Harbaugh declined to elaborate on why he had the photos made, but team spokesman Bob Lange said the coach “wants the players to be able to interpret the reason for it in any way they want.”

At Harbaugh’s request, Lange and his staff spent several hours gathering the photos and scouring high school scouting services to find information on all of the players. The pictures from high school effectively connect players with their past, reminding them of their childhood hopes and dreams and…

“Reminds me of how bad I [stunk] when I was in high school,” said defensive tackle Ray McDonald, who was unranked in his home state of Florida.


Asked to describe that kid in the picture, the dreadlocked McDonald said: “Young. Didn’t know a lot back then. Wet behind the ears. Different hairstyle — had braids, not dreads — about 50 pounds lighter. Probably a little faster than I am now.”

When he was on the outside looking in, McDonald envisioned the NFL as a different place too.

“It’s more work than you think it is,” he said. “You’ve got to take care of your body. You’ve got to make sure you’re getting the right protein, eating the right food, working out, lifting and training all the time. When you’re younger, you don’t know. You just think that life in the NFL is one big party.”

Running back Kendall Hunter was the 40th-ranked running back in the state of Texas, a reminder he gets every time he changes clothes. Motivation?

“Always,” said the 5-foot-7 Hunter, reasoning his size led to scouts’ ignoring him. “A lot of people see you and they don’t think you can play at this level. It’s just another chip on your shoulder. It’s a reminder of where you were at, and where you were trying to be.”
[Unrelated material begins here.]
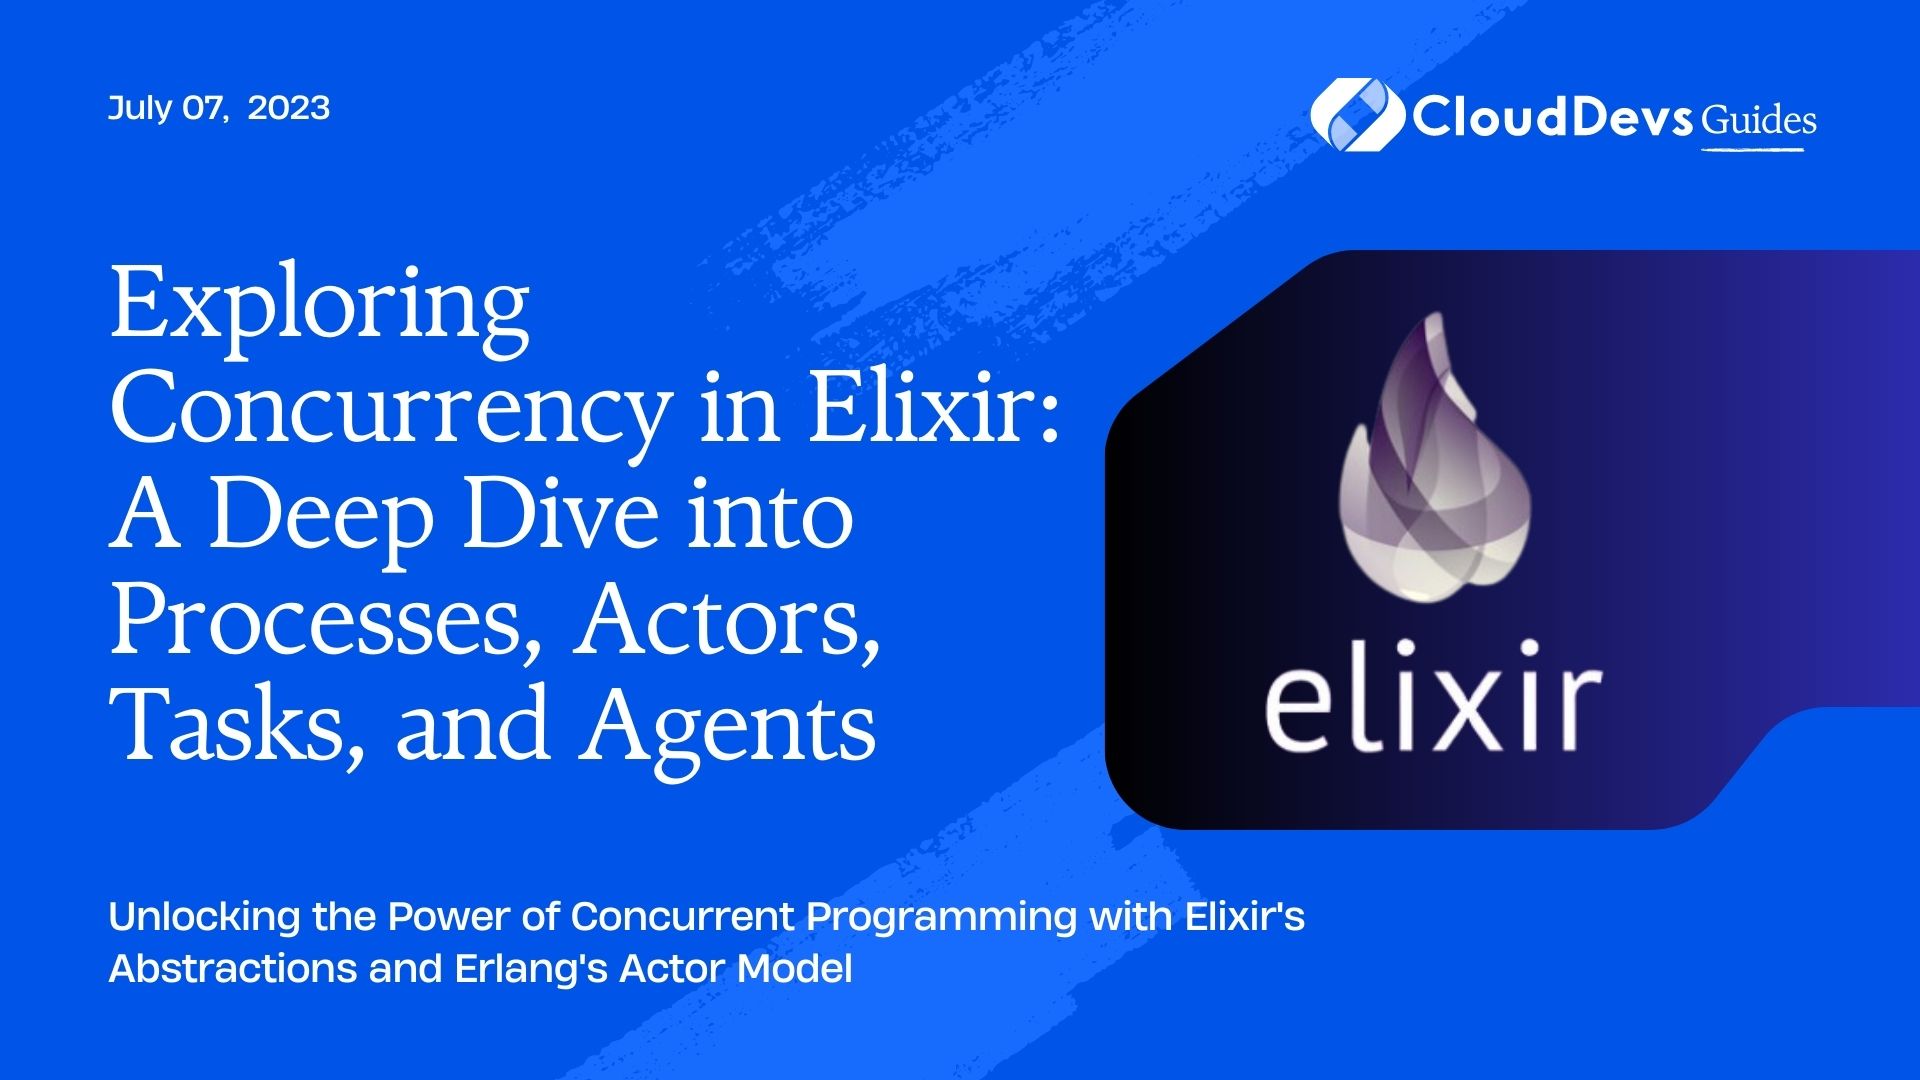 Exploring Concurrency in Elixir: A Deep Dive into Processes, Actors, Tasks, and Agents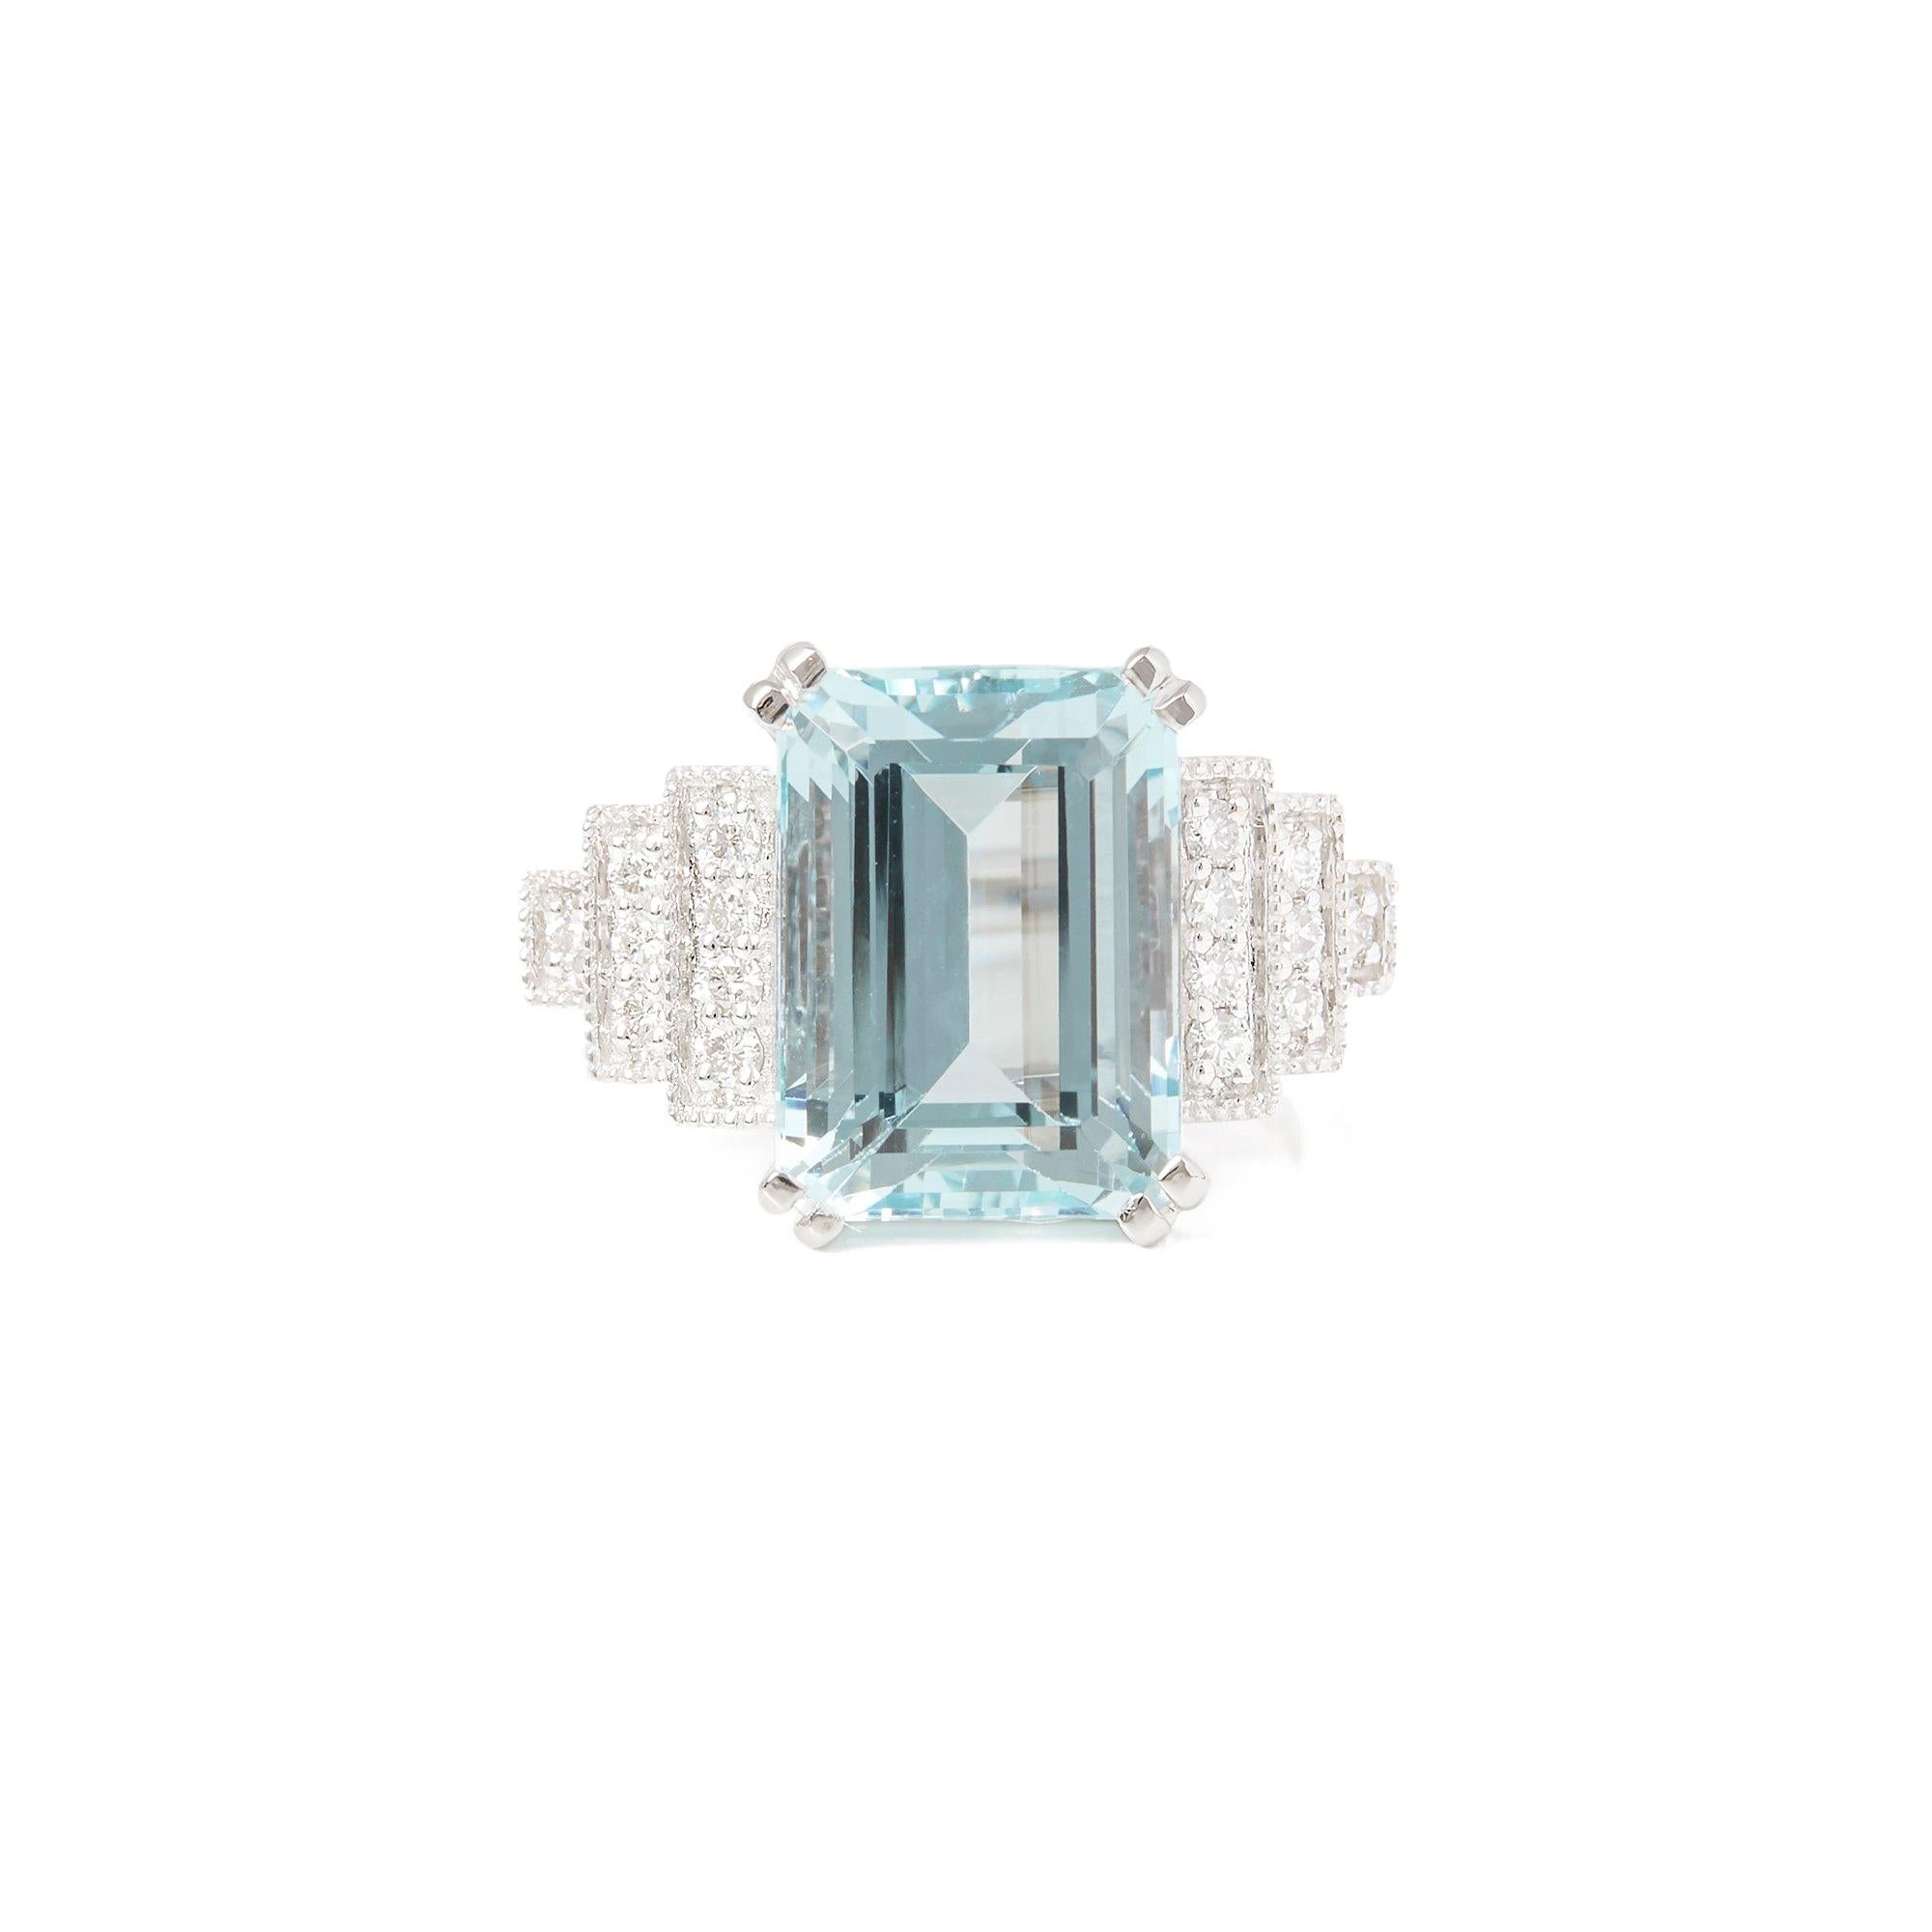 This ring designed by David Jerome is from his private collection and features one Emerald cut Aquamarine totalling 6.63cts sourced in Brazil. Set with round brilliant cut Diamonds totalling 0.24cts. Mounted in an 18k white gold setting. Finger size

A few lockers down, guard Daniel Kilgore knows the feeling.

“You look around the locker room and see guys with five stars, four, two and some without any stars,” said Kilgore, who received a two-star rating.


“I look at it, and I never was that star athlete, coming from Tennessee, and I wasn’t ever ranked or anything. So just looking back at it, and where all the ‘men of football’ in the magazines classified you. They never even looked at you, and now look where I’m at. Kind of just rub it in their face now.”

Ah, yes, faces. Fifty-three of them. They stare down from those pictures, many smiling, most too young to need a razor.

“To see some of these guys in their early years, pretty bad-looking kids,” practice-squad safety Curtis Taylor said with a laugh. “I’m just being honest. I ain’t going to put nobody’s names out there to say who was ugly and who looked good. But if you just look around…”

Whitner laughs about that too. But he also sees deeper meaning in the nostalgic gesture, something that could help his team. Players forever taught to look ahead sometimes need a reminder to look backward every so often.

Harbaugh is “always doing little things to motivate us,” he said. “With this, you really don’t have to explain it. It’s, ‘Aw, man, I remember this.’ It’s something to make you play a little harder on Sunday.”